Gauging how Support Vector Machine Algorithm behaves with Hyperparameter Tuning
The “juice.csv” data contains purchase information for Citrus Hill or Minute Maid orange juice. A description of the variables follows.
- Purchase: A factor with levels CH and MM indicating whether the customer purchased Citrus Hill or Minute Maid Orange Juice
- WeekofPurchase: Week of purchase
- StoreID: Store ID
- PriceCH: Price charged for CH
- PriceMM: Price charged for MM
- DiscCH: Discount offered for CH
- DiscMM: Discount offered for MM
- SpecialCH: Indicator of special on CH
- SpecialMM: Indicator of special on MM
- LoyalCH: Customer brand loyalty for CH
- SalePriceMM: Sale price for MM
- SalePriceCH: Sale price for CH
- PriceDiff: Sale price of MM less sale price of CH
- Store7: A factor with levels No and Yes indicating whether the sale is at Store 7
- PctDiscMM: Percentage discount for MM
- PctDiscCH: Percentage discount for CH
- ListPriceDiff: List price of MM less list price of CH
- STORE: Which of 5 possible stores the sale occured at
More crucial attribute than the prices of both these brands is the price difference between both these brands. We already have the Store ID in the dataset so STORE and Store7 need not be included in the dataset. List Price difference is a redundant attribute as we already have the Sales Price Difference in the data.
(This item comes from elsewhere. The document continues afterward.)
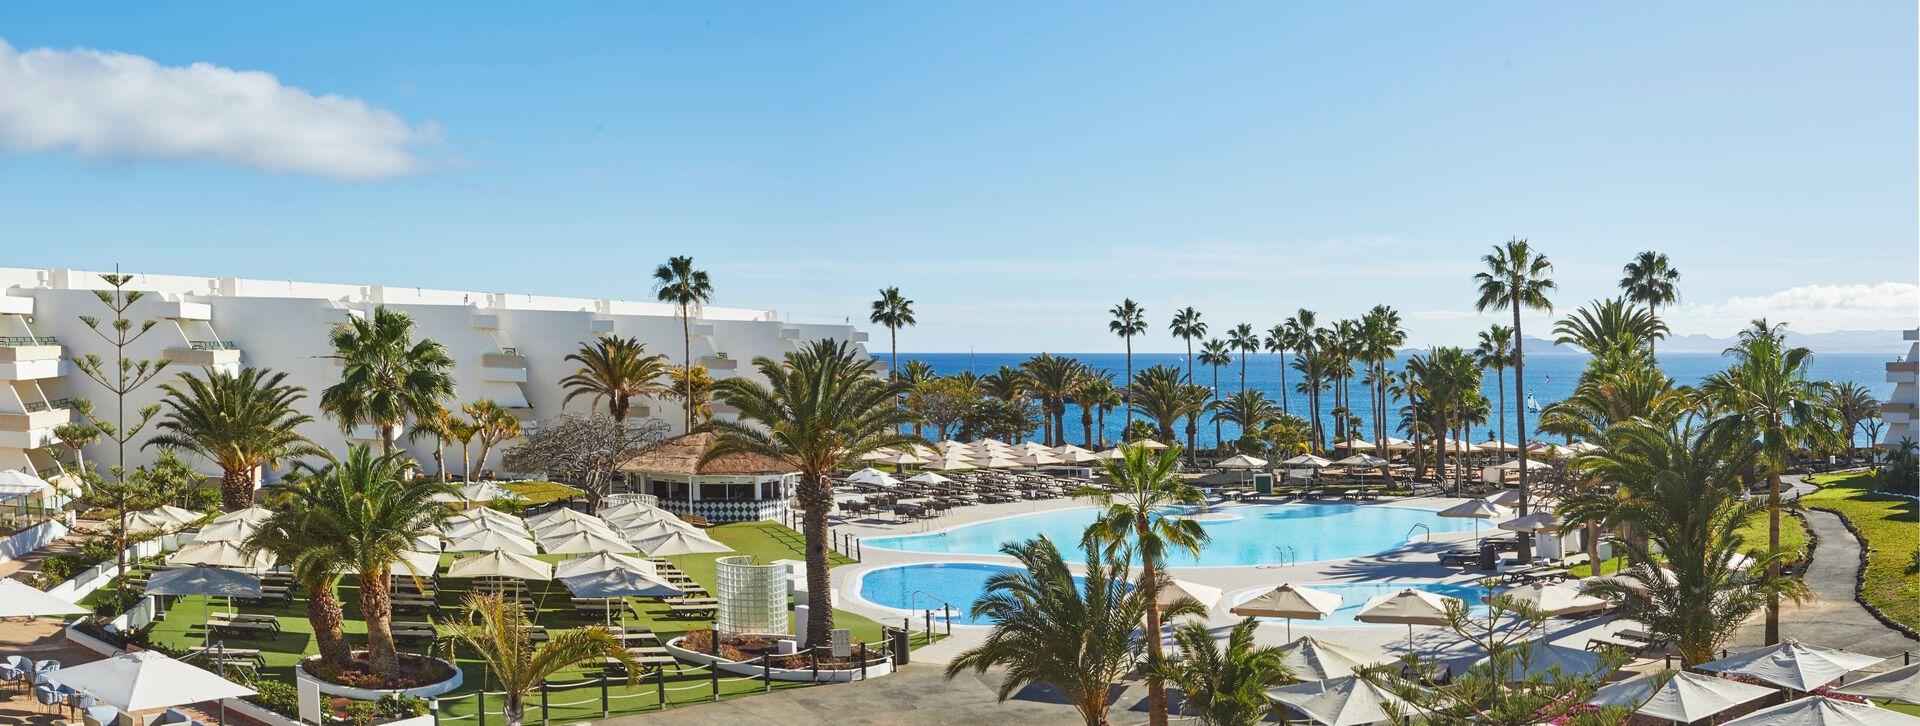 Séjour Lanzarote - Dreams Lanzarote Playa Dorada Resort & Spa - 5*

After comparing the Train and Test Scores for all the models:
Basic Models
SVM with Linear Kernel is the best in case of Basic Models with the least Error scores for both Train and Test datasets.
Tuned Models
For both RBF and Linear Kernels, the cost parameter for the best model is 0.31 and the scores are almost equal. For Polynomial, the cost parameter is 9.61 but the model isn't as good.
Taking the Accuracy rate and Error Rate into Consideration, both tuned models - SVM with Kernel RBF and Kernel Linear are good but RBF is slighlty better as there are lower chances of Overfitting.
Removing such redundant variables in the dataset and keeping more relevant attributes will help us avoid the overfitting of the model.